Девять месяцев спустя на Гревскую площадь та же телега привезла дочь австрийского императора и императрицы Марии-Терезии, одетую в черное фразцузскую королеву Марию-Антуаннету. За телегой, не прекращая вязать из серой, некрашеной овечьей шерсти носки и шарфы для армии, мрачно шагали женщины Парижа. Деревянные их башмаки били в мостовую, словно повторяя раз за разом: смерть, смерть, смерть... Это были те самые женщины, которые пришли к Версальскому королевскому дворцу и потребовали хлеба. «Хлеба?— удивилась королева.— У них нет хлеба? Так пускай они едят пирожные!» Эти пирожные женщины Парижа не забыли.
После казни короля и королевы наследника французского престола — семилетнего Луи-Шарля отдали на воспитание сапожнику.
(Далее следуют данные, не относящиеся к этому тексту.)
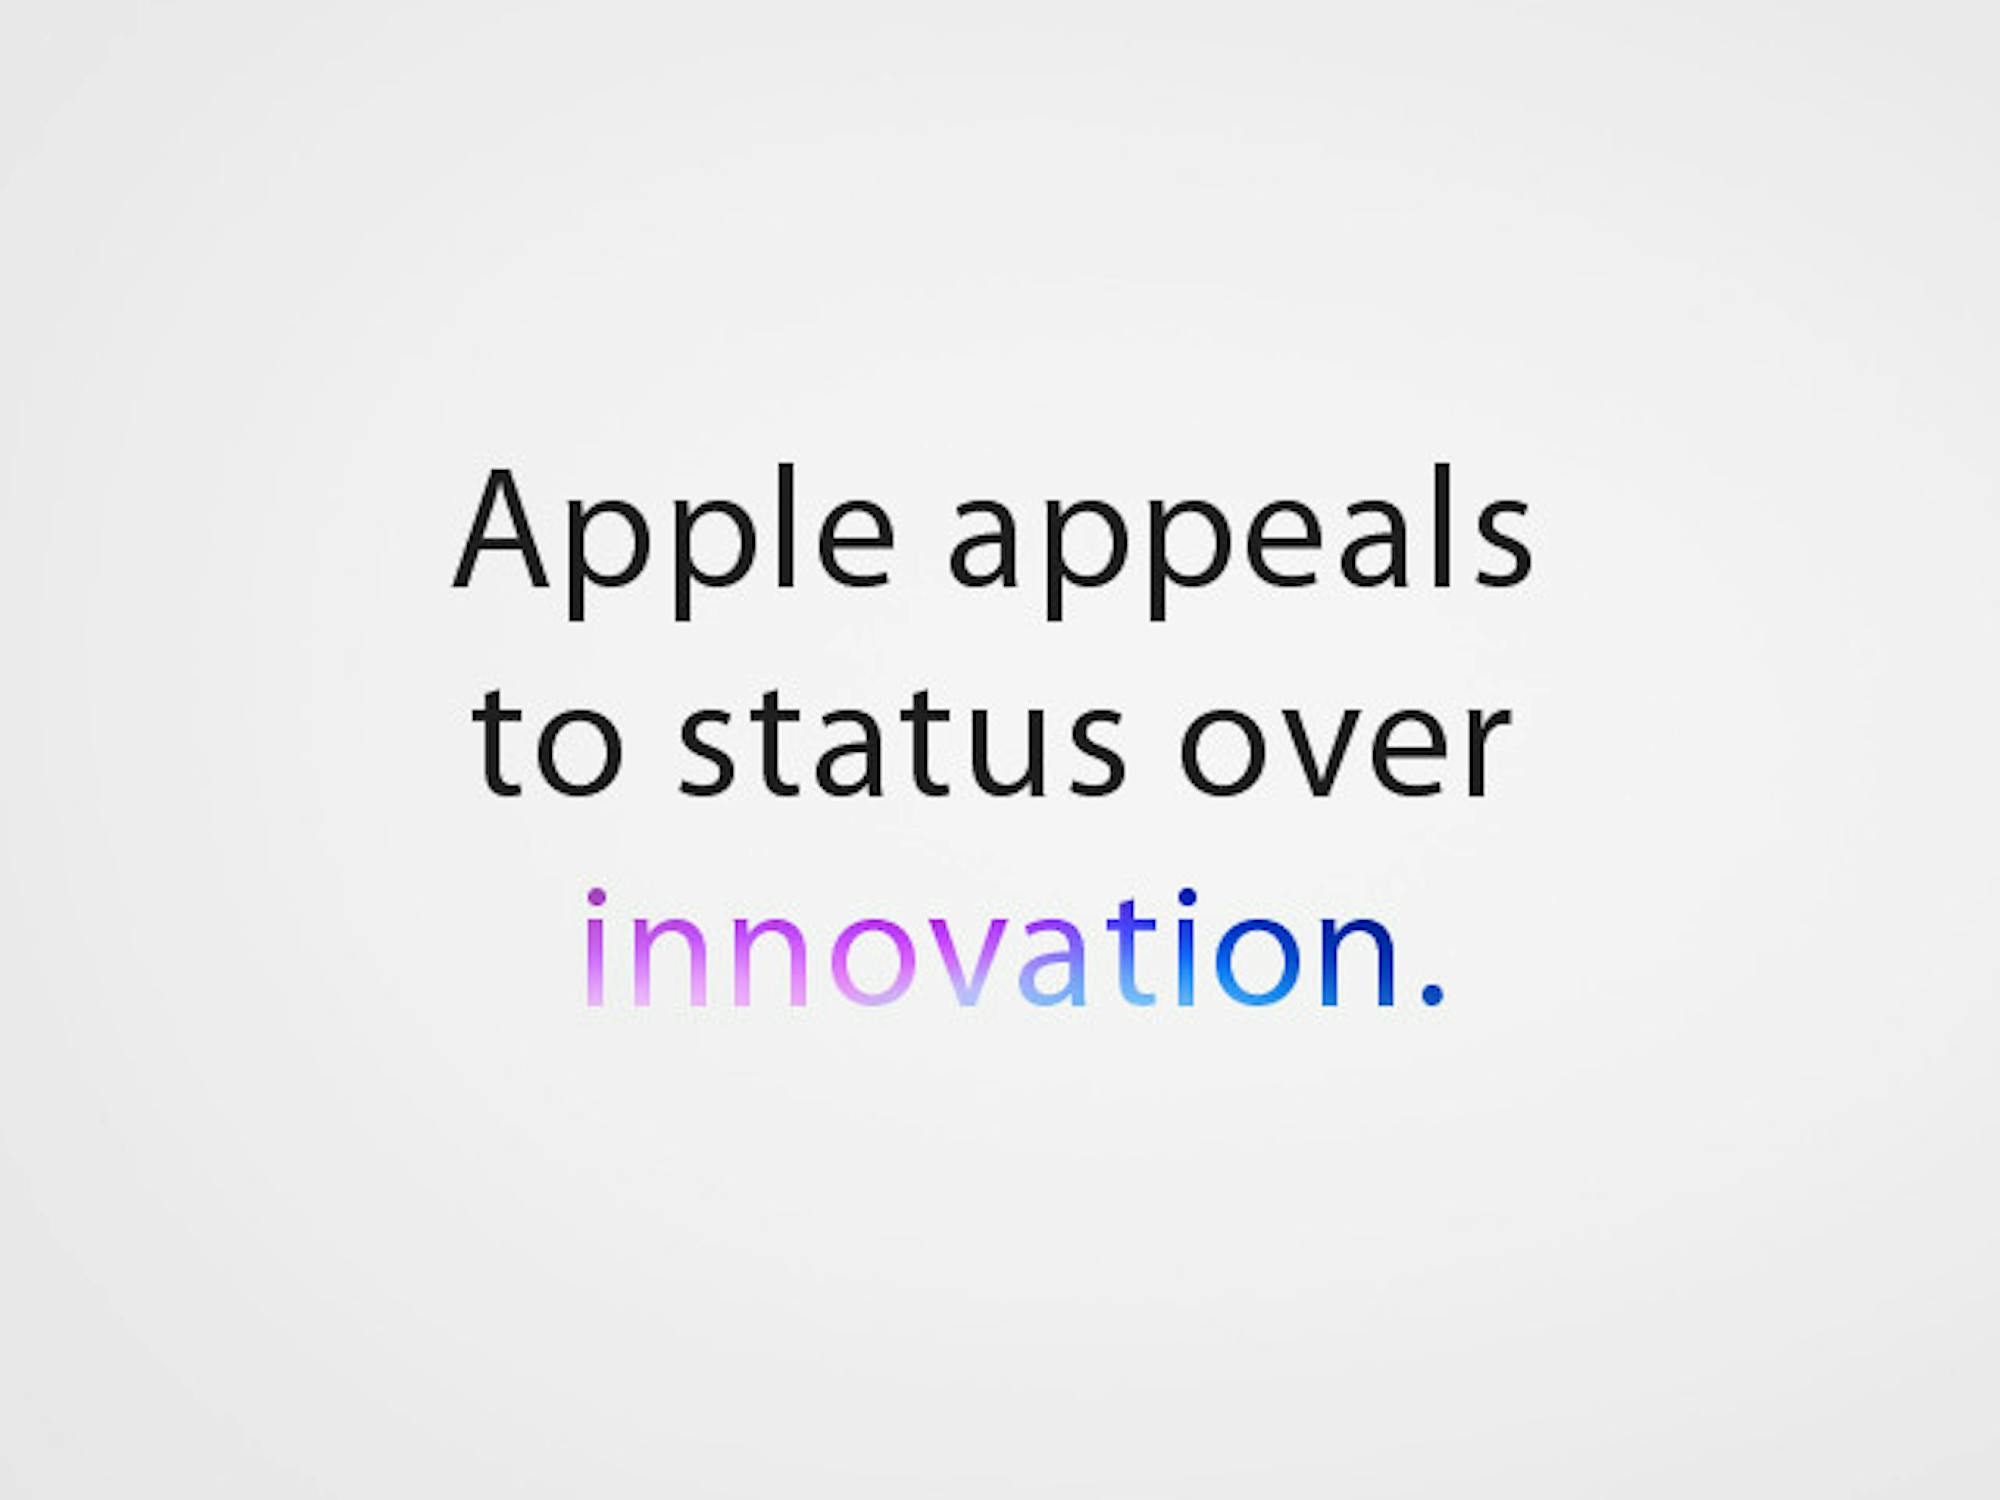 web_apple appeals to status over innovation_9-18-2014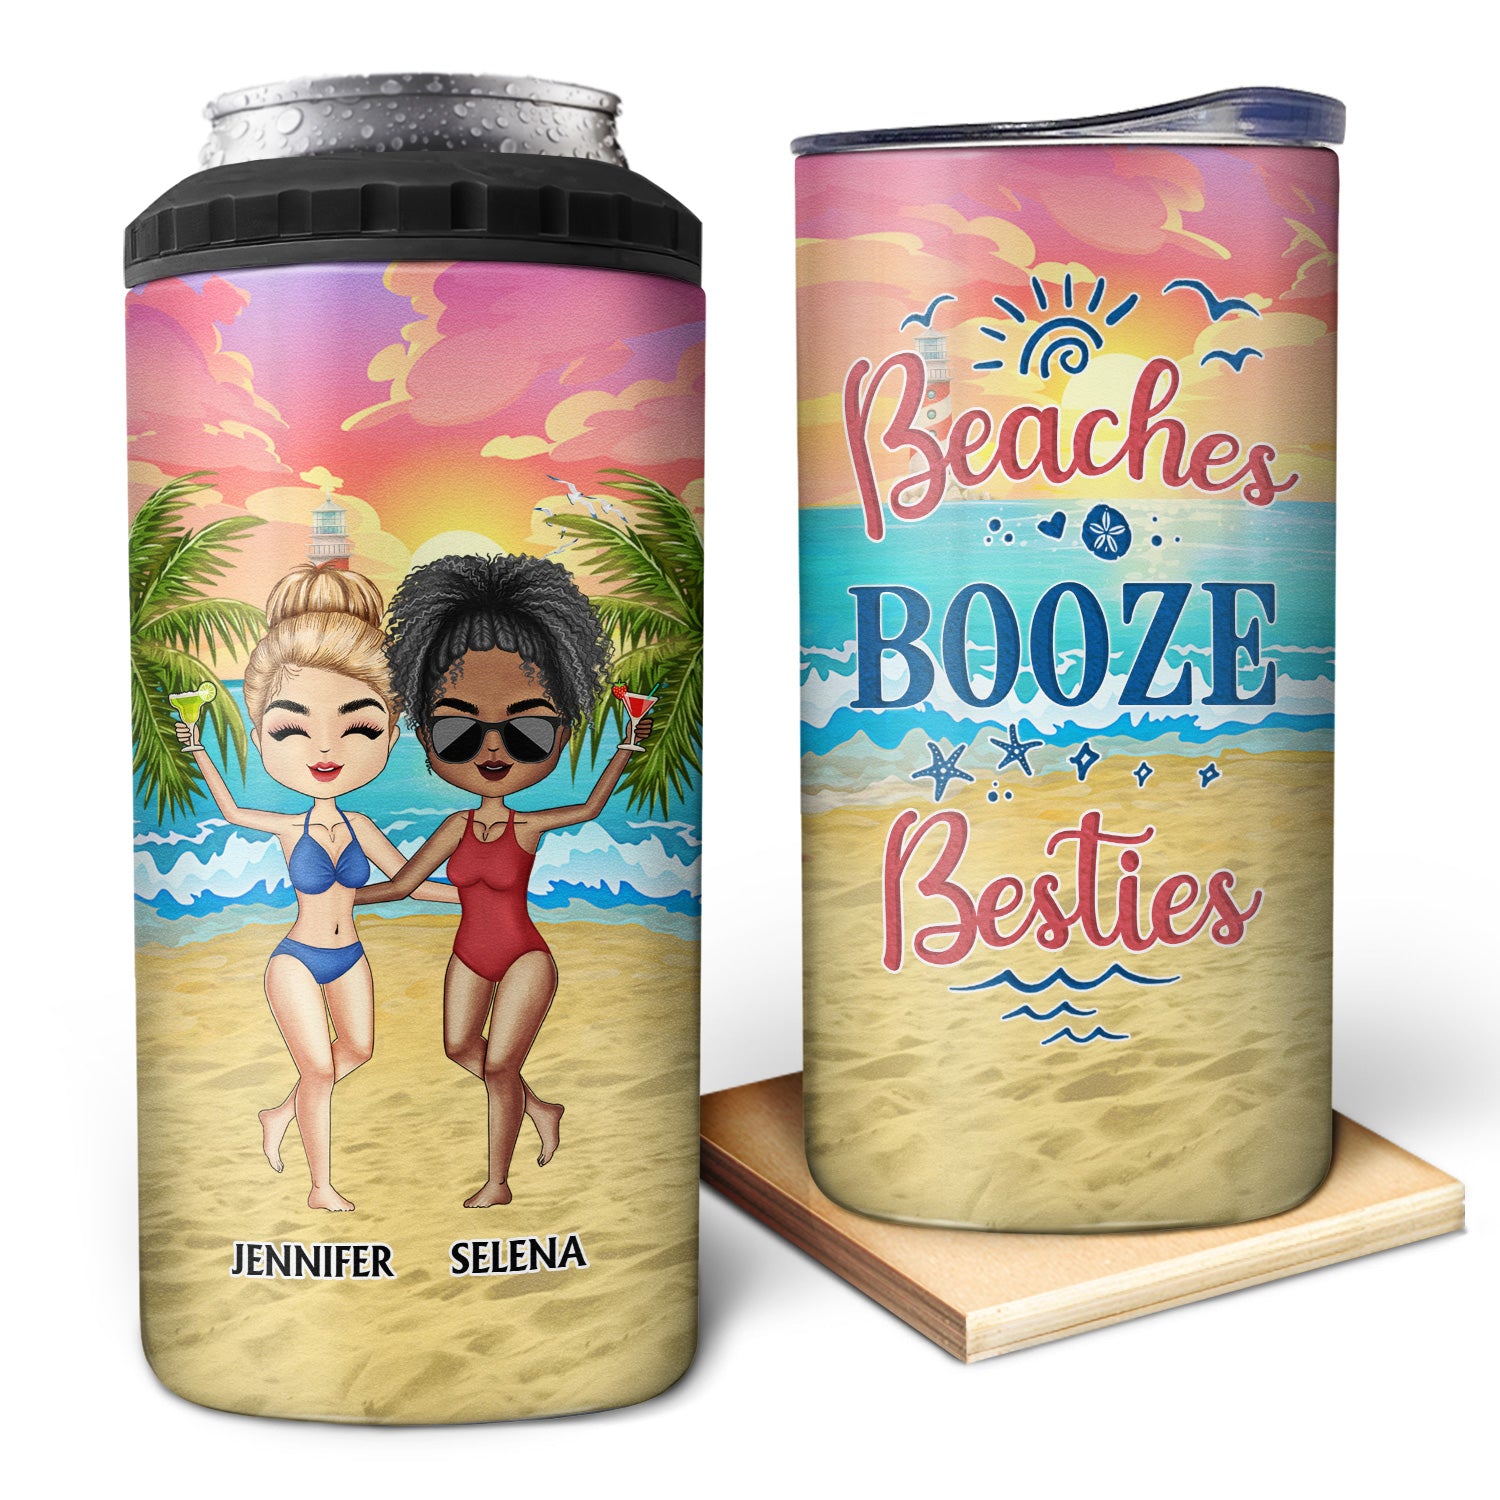 Beaches Booze Besties Best Friends - Gift For BFF, Siblings, Colleagues - Personalized Custom 4 In 1 Can Cooler Tumbler

На плечи узкогрудому, с кукольным лицом и слабыми руками принцу накинули продранную на локтях солдатскую куртку.
Монаршие дома Европы были потрясены.
Сообщение о судьбе французского принца самодержица российская выслушала молча, поднялась с кресла и подошла к окну. Дамы двора заметили, что букли парика вздрогнули на висках.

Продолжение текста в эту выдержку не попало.